What public evidence? If it was so public it shouldn't be hard to find some to back that statement up.
You're seriously asking for evidence that the Apollo program was styled as a race to beat the Soviets to the Moon? Are you blind?
Do have any evidence to show it has been discredited?
Actually yes, but it's not really a going concern. See also below. The only people who still consider the Majestic documents authentic anymore are a very few of the wackier UFO authors. Even many of the authors who once considered them authentic have now changed their minds. Among the factual evidence suggesting forgery are the many errors in the Truman document.
However I should back up and concede that the Majestic reference is something of an inadvertent red herring. There is a version of the Kennedy memo "No. 271" that circulates with the Majestic documents. It bears some resemblance to the actual memo and contains some of the same language, but has been doctored to include references to UFOs and has some mysterious handwritten annotations. It is also heavily redacted, which is a technique used by many UFO enthusiasts to suggest that the redacted portions support their claims.
Wrong, it does bear his signature!...See the second page of the memorandum here:
http://www.jfklibrary.org/Asset-Viewer/qVncp893wEmJFplIn1AlHA.aspx
Well no, that's not Kennedy's signature. That's a memo to the file, which is why it has the "S/" annotation rather than a signature. However the memo itself is an authentic document, and the version you link here is
not part of the Majestic documents. Therefore if that's the version of the memo to which you refer, then my reference to the Majestic documents was a misdirected rebuttal and I withdraw it.
But there may have been a degree of cooperation between the US and Soviets on space exploration soon after the date of the memorandum.

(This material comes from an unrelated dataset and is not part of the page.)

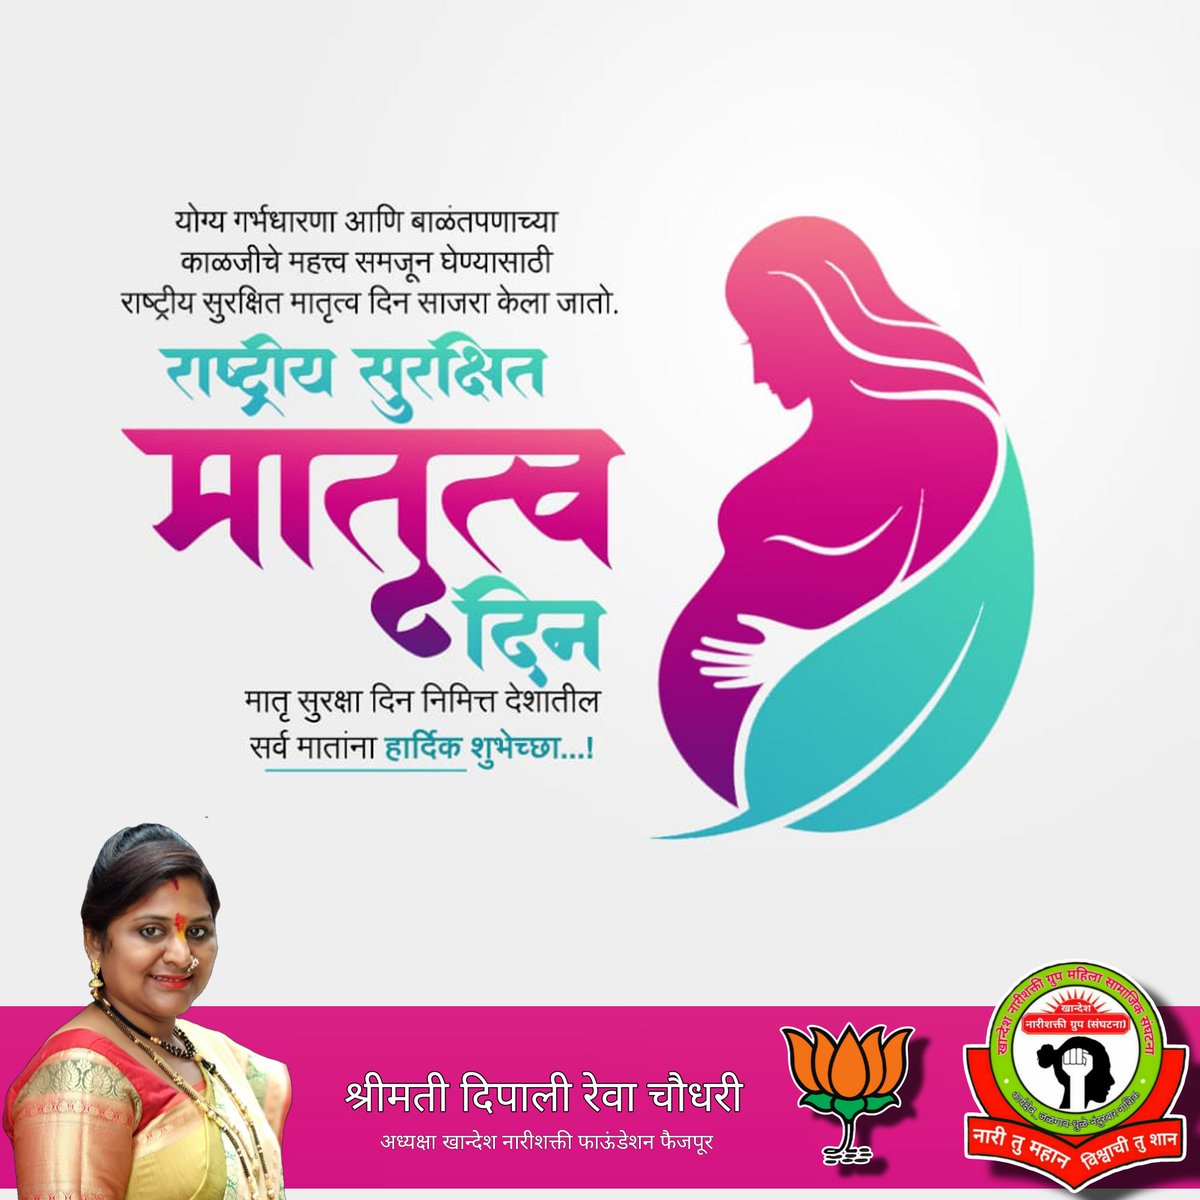 योग्य गर्भधारणा आणि बाळंतपणाच्या काळजीचे महत्त्व समजून घेण्यासाठी राष्ट्रीय सुरक्षित मातृत्व दिन साजरा केला जातो. राष्ट्रीय सुरक्षित मातृत्व दिन मातृ सुरक्षा दिन निमित्त देशातील सर्व मातांना हार्दिक शुभेच्छा...!
#NationalSafeMotherhoodDay

No "may have been" about it. The Apollo-Soyuz program was a direct result of it, as was the exchange of lunar samples between the Soviet and American scientists. "A degree of cooperation" does not substantiate your claim that the Soviets flew missions to the Moon in secret cooperation with NASA. If you argue that a different "degree of cooperation" existed beyond that which the record shows, you bear the burden to prove it.
This would have given the Soviets ample motive to try and hide the fact that the US may have been perpetrating a hoax
Nonsense. The entire civilized world believed the U.S. had beaten the Soviets to the Moon and the Soviets graciously, but begrudgingly, acknowledged that. You're telling me they put forth effort under a supposed secret agreement but got no public credit for it.
...It cannot be ruled out.
Shifting the burden of proof. You have no credible evidence that the Soviets participated actively in Apollo operations. You may not assert they did and then sit back lazily and expect everyone else to try to prove you wrong.
Yes it had, space has always been governed by the same rules as "international waters".
No, it had not. It was so governed later as a
result of those discussions, but there had been no prior agreement.
"Space," at least in terms of Earth orbit, includes a volume of space above rival nations. A nation's airspace is considered part of its sovereign territory, as is its territorial waters. The altitude at which a spacecraft could fly over another nation and not be considered to violate its airspace was a matter of some concern. Similarly while international waters exist and while space could be considered equivalent to international waters, the law of conquest still applies. If you, sailing in international waters, first reach unclaimed land, you may claim it as part of your sovereign territory. Hence there was some question about whether the first person to reach the Moon would be able to claim it as the sovereign territory of his particular nation.
The overflights of Sputnik gave the U.S. some indication that the USSR did not consider Earth orbit to be any nation's sovereign territory and gave rise to orbital surveillance, which is lawful compared to surveillance by covert aircraft. Only in subsequent negotiations did the U.S. and USSR agree to extend the legal principles of the "high seas" to space, and further to refrain from claiming sovereign territory over the Moon or any other celestial body.
Yes, and this disproves your earlier claim that there was no US Soviet cooperation on space exploration during the time of the Apollo missions!
Your claim is that the photo in question is not from Apollo-Soyuz but from an earlier Apollo mission, ostensibly one that went to the Moon. Showing that an American astronaut was aboard a Soviet spacecraft at some point in history does not prove that American astronauts and Soviet cosmonauts collaborated on missions to the Moon.
I don't have the book here so no, I can't.
I skimmed the book and found no such photograph or reference. That doesn't mean it's not there, but it does mean I'm not going to expend any more effort to provide the evidence for your claims. The onus is on you.
What evidence have to to prove "His blatant intellectual dishonesty"?
My entire web site, which has been up for more than 10 years and is very well known and commonly cited by others to third parties whenever Percy's claims are mentioned. Do you really know
anything about this debate?
Perhaps he just doesn't want to talk to you because you may have insulted him at some point during or after your invitations?
Desperate speculation.
Yes, I know, but doesn't the author of the book in question claim the photo was taken on a earlier Apollo mission?
That's what he claims. And since his claims regarding the Apollo record have proven so disastrously wrong and misrepresentative in the past, we cannot take his word for it.